Open the new file with sudo privileges in your editor:

$ sudo nano /etc/nginx/sites-available/test.com

When you are finished, your file will likely look something like this:

upstream node-helloworld.your-domain.com {
        server 127.0.0.1:5000;
        keepalive 64;
}

server {
        listen 80;
        server_name helloworld.your-domain.com;

        access_log /var/log/nginx/helloworld.your-domain.com-access.log;
        error_log /var/log/nginx/helloworld.your-domain.com-error.log;

        location / {
                proxy_set_header X-Real-IP $remote_addr;
                proxy_set_header X-Forwarded-For $proxy_add_x_forwarded_for;
                proxy_set_header X-Forwarded-Proto $scheme;
                proxy_set_header Host $http_host;
                proxy_set_header X-NginX-Proxy true;
                proxy_set_header Upgrade $http_upgrade;
                proxy_set_header Connection "upgrade";
                proxy_pass http://node-helloworld.your-domain.com;
                proxy_redirect off;
                proxy_http_version 1.1;
                proxy_cache_bypass $http_upgrade;
        }
}

When you are finished, save and close the file.

Now that we have our server block files, we need to enable them.
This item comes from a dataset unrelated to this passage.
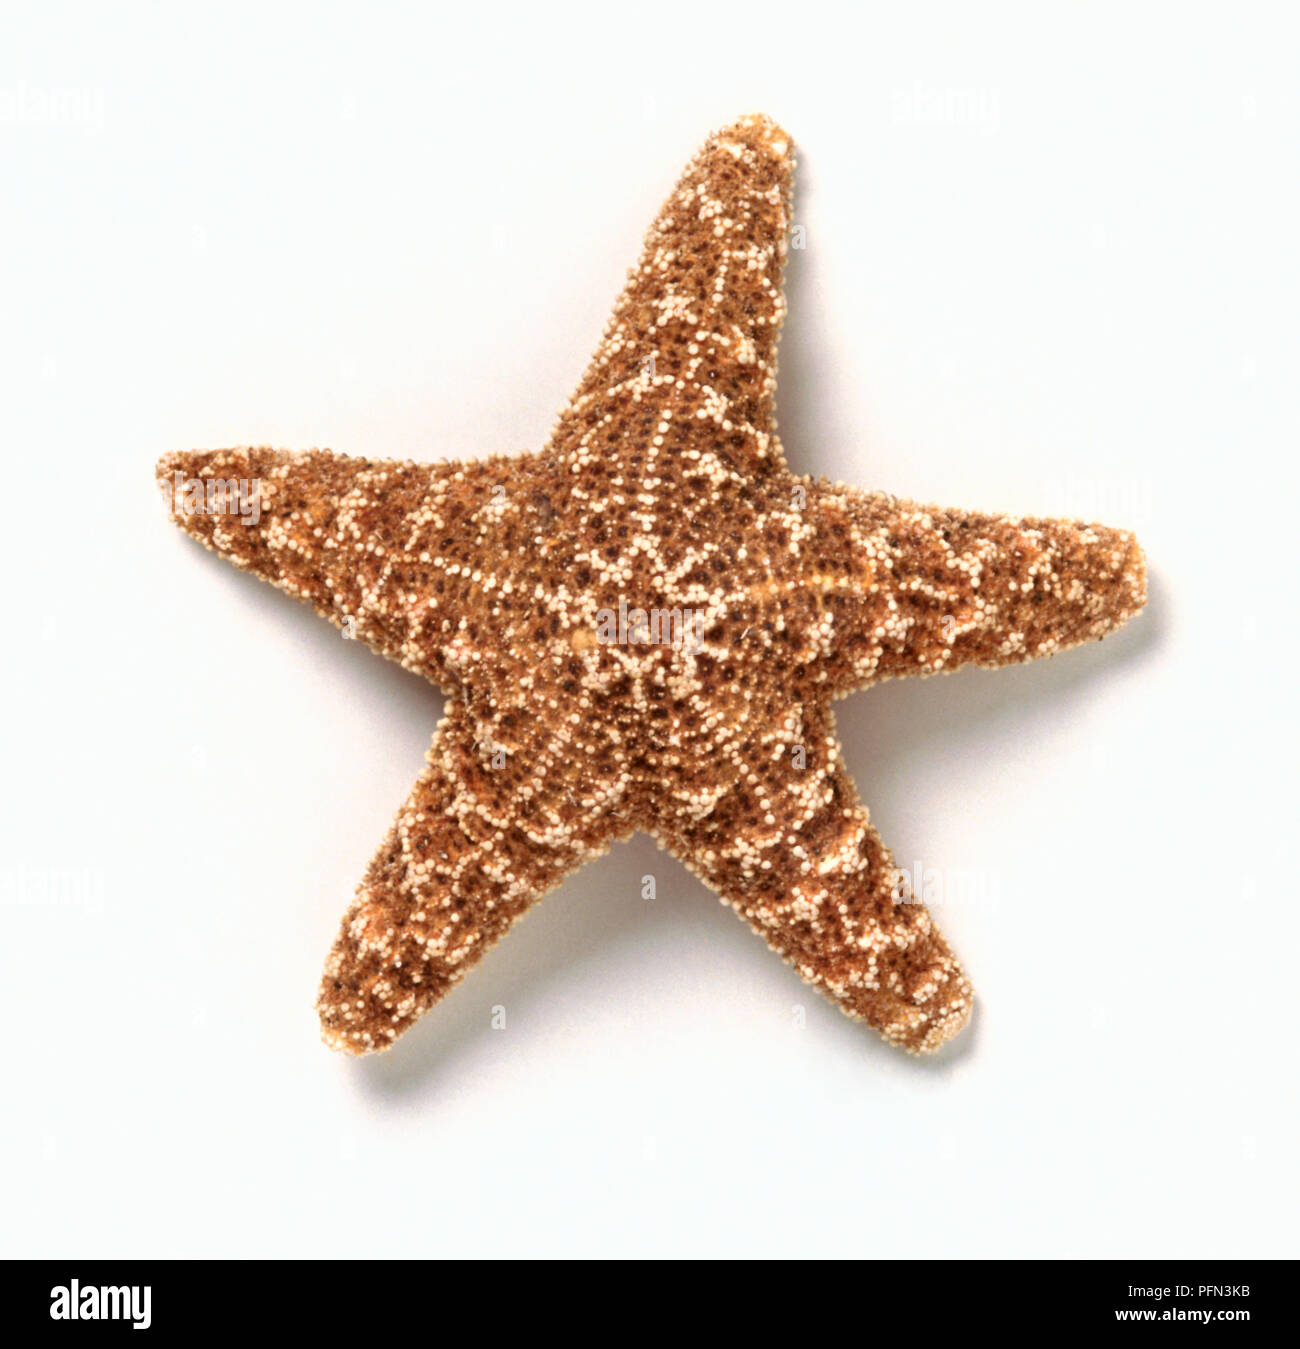 Raccolta di a forma di stella oggetti, inclusi Starfish (Asterias rubens), fette di Carambole o Star Fruit, confetti, caramelle, cookie cutter e Bacchetta magica Foto Stock

We can do this by creating symbolic links from these files to the sites-enabled directory, which Nginx reads from during startup.

We can create these links by typing:

$ sudo ln -s /etc/nginx/sites-available/test.com /etc/nginx/sites-enabled/

Note: to be able to reference multiple domains for one Node.js app (like www.example.com and example.com) you need to add the following code to the file /etc/nginx/nginx.conf in the http section:

server_names_hash_bucket_size 64;

If the DNS changes are propagated, you can point your web browser to your domain and you should see your application running, accessible from the internet.

Next, test to make sure that there are no syntax errors in any of your Nginx files:

$ sudo nginx -t

If no problems were found, restart Nginx to enable your changes:

$ sudo systemctl restart nginx

Nginx should now be serving both of your domain names.